I think you should take it as a massive, massive compliment. She had all kinds of prejudices when she met you and over time, through being the person you are, you have shown her how wrong and silly they were. She is a better person because of you!

You can’t get a much better accolade in life than that. Well done you!?

timetogo2016 Tue 14-Jan-20 08:29:46

I actually think FridayIsComing you taught your MIL a lesson.
And even if she hasn`t said it to you it`s clear to me you have made her look at herself and her attitude to you and your DH
was rather naughty and childish.

Grannyknot Tue 14-Jan-20 08:34:14

Crikey! Just be happy for everyone involved, give your husband a break, live your life, and above all - please move on!

sodapop Tue 14-Jan-20 08:37:47

I agree with others Fridayiscoming your mother in law has mellowed and that has probably been down in part to you and your husband. You have made things easier for your brother in law, well done. Don't be resentful be glad you have helped to bring about this change.

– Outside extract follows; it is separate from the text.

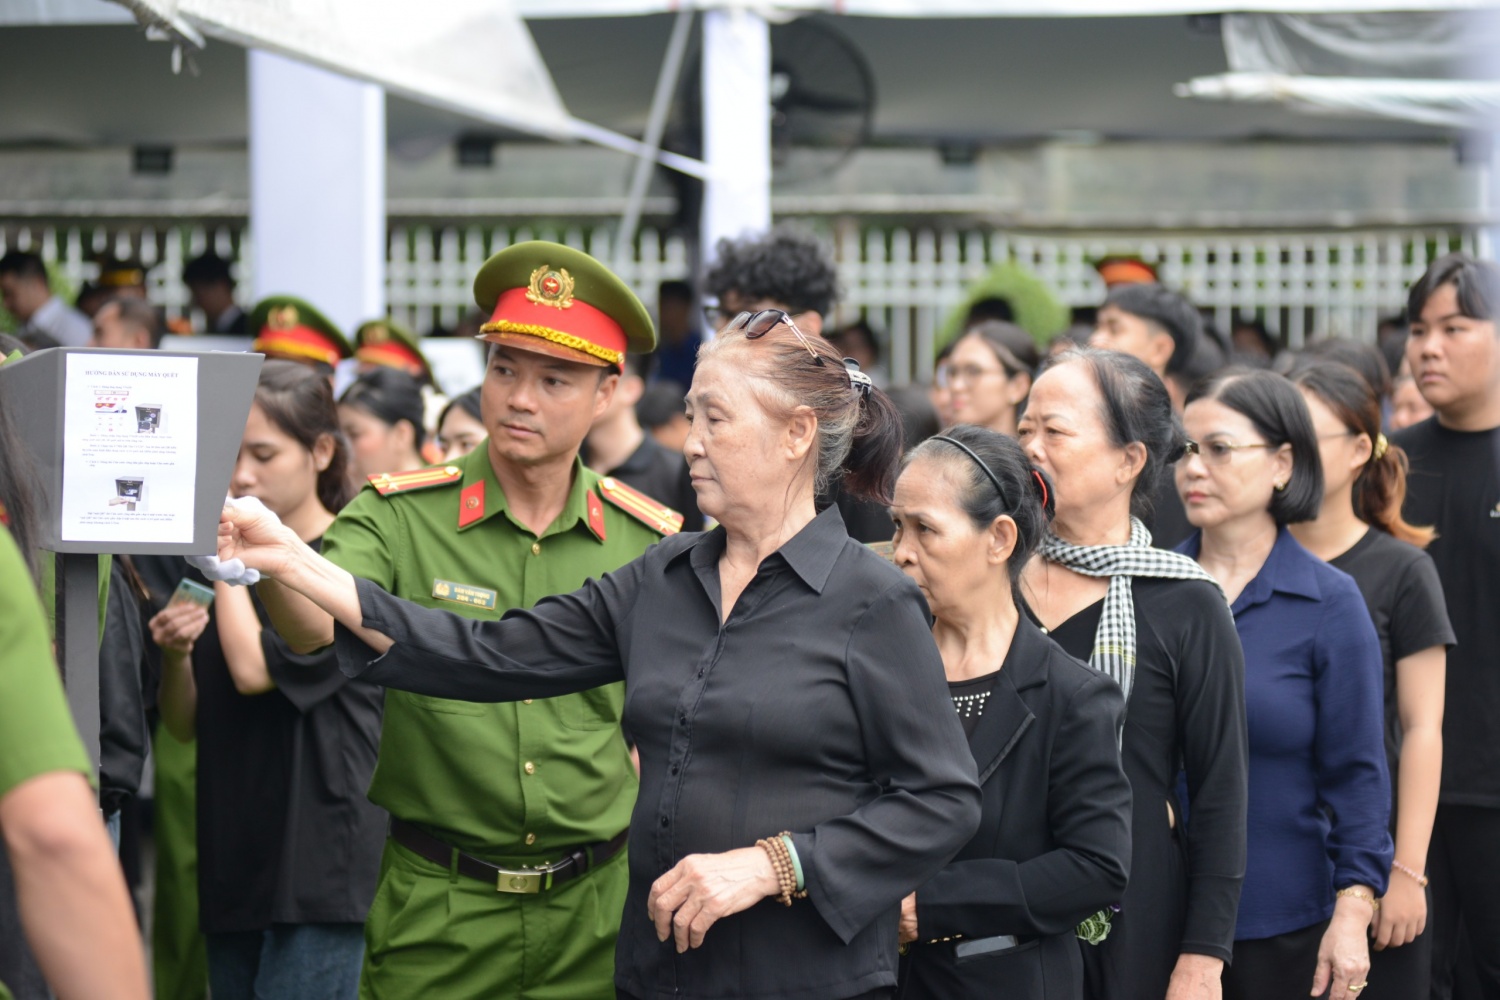 TP HCM: Người dân đội nắng chờ viếng Tổng Bí thư Nguyễn Phú Trọng

ToniSH Tue 14-Jan-20 08:58:44

Slightly different from what others are saying - You are allowed to feel upset; she spoilt your wedding a little by inserting her wishes and displeasure into the proceedings. She also made you feel very unwelcome.
However, that's nothing to do with DH Brother and wife-to-be so you have to keep that separate.
With regard to the MIL, just see if her attitude to you softens. If it doesn't, just be civil and don't kill yourself trying to please her.

curvygran950 Tue 14-Jan-20 09:28:35

I agree with ToniSH.
Would it ever be possible for you to have some time alone and quietly with MiL - meet for coffee/tea/ walk in the park- and tell her how you feel ? Perhaps it would be a chance to get to know each other better and mend the rift between you ....just a thought.

Bathsheba Tue 14-Jan-20 09:31:13

I wonder whether your MiL always felt somehow 'accountable' to her own mother, responsible for upholding the Catholic faith in her sons? Maybe her mother was very much the matriarch in the family, with everyone following her lead, staying in the faith, afraid to deviate from the expectations placed on them.

She may well have felt mortified at the thought of having to tell her mother that her beloved grandson was about to marry outside the faith and this could have seriously coloured her attitude to you. But now, with her mother no longer in the picture, your MiL is able to feel much more relaxed, and able to accept your BiL's fiancee more willingly.

Luckygirl Tue 14-Jan-20 09:33:43

You blazed a trail! - you were first so bore the brunt of it. Hopefully MIL has seen the light and learned a bit of tolerance from you!

Paste on a smile - it is water under the bridge. Be happy that she has moved on.

Blooming religion - so very divisive. Makes me so exasperated. Oh - perhaps you could try exasperated instead of jealous! Please be happy that your SIL to be has had an easier ride and wish them both well.

endlessstrife Tue 14-Jan-20 09:37:05

I would say your MIL had learnt from her past mistakes, and isn’t repeating them. I would embrace this if you can, and think, because of you and your husband, progress has been made to everyone’s advantage. Just look after yourselves from now on, and obviously, take her to task if she behaves badly again.